• Task details
Copy out exactly, from the entries that follow, the line holding "Qatar Airways A7-BCP", the line holding "Kropp som en", and all lines between them, but no pictures.

• Records to process
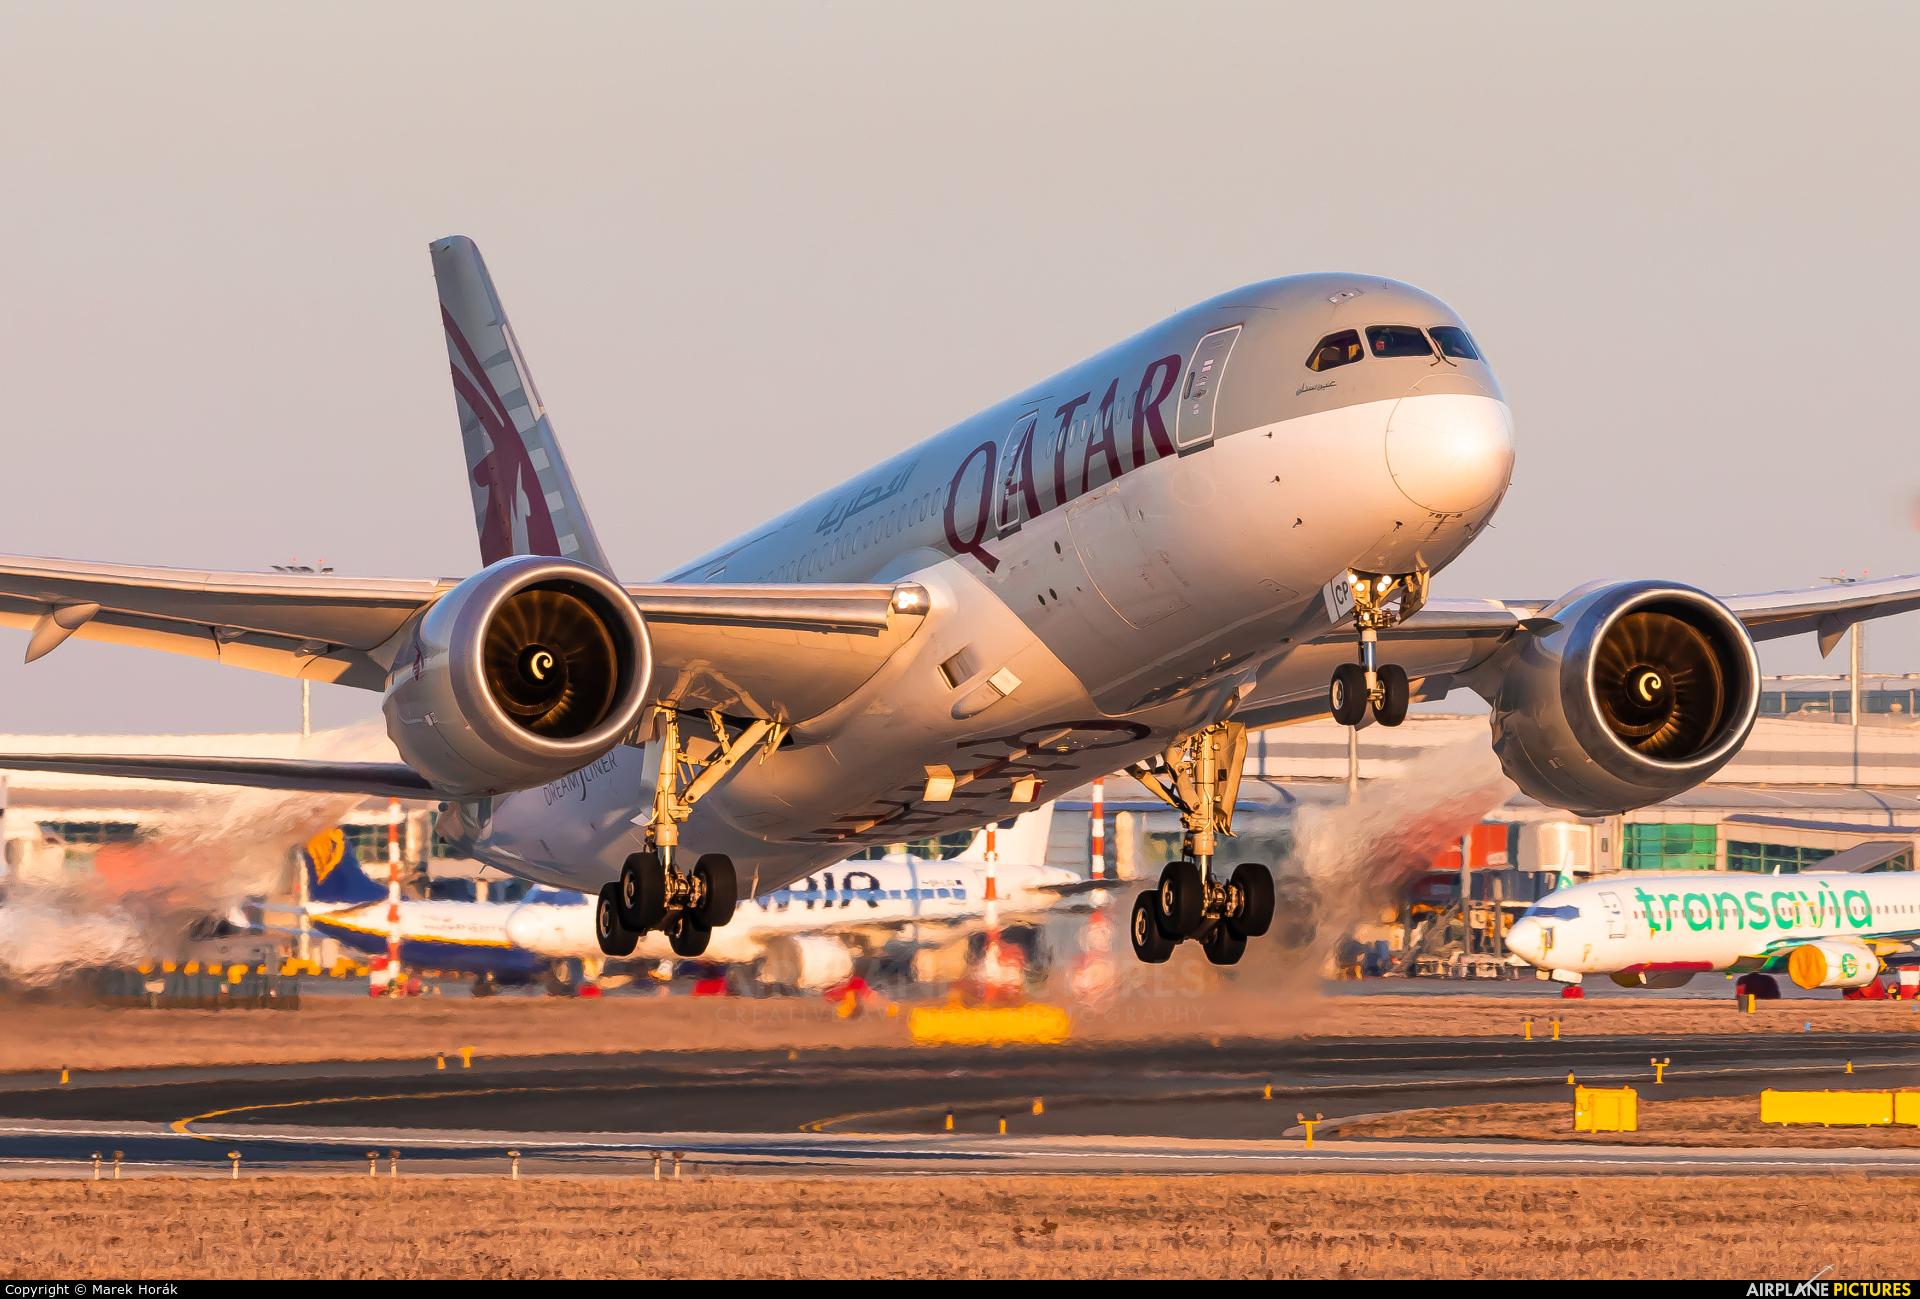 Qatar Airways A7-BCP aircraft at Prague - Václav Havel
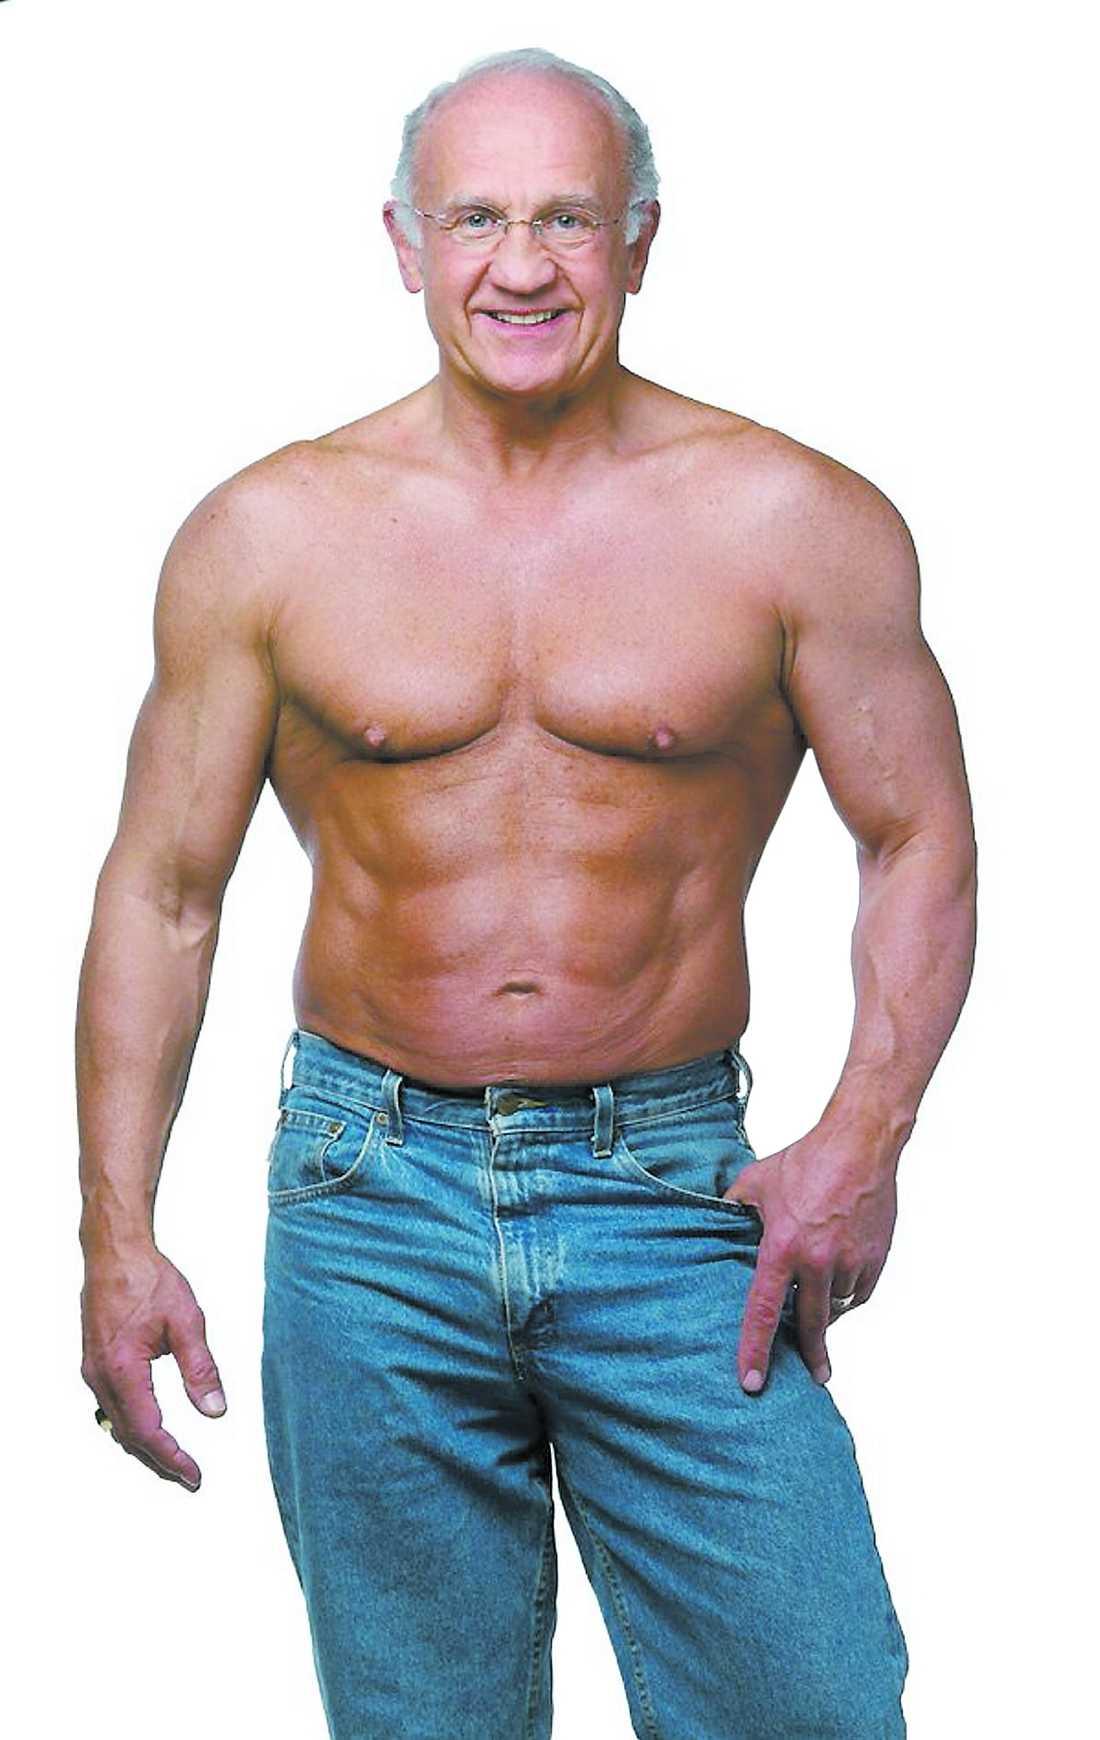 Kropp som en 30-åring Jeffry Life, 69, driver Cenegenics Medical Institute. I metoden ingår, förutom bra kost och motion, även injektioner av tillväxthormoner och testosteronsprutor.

==

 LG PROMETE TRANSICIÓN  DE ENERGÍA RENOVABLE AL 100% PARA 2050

• Response to the task
 Qatar Airways A7-BCP aircraft at Prague - Václav Havel
 Kropp som en 30-åring Jeffry Life, 69, driver Cenegenics Medical Institute. I metoden ingår, förutom bra kost och motion, även injektioner av tillväxthormoner och testosteronsprutor.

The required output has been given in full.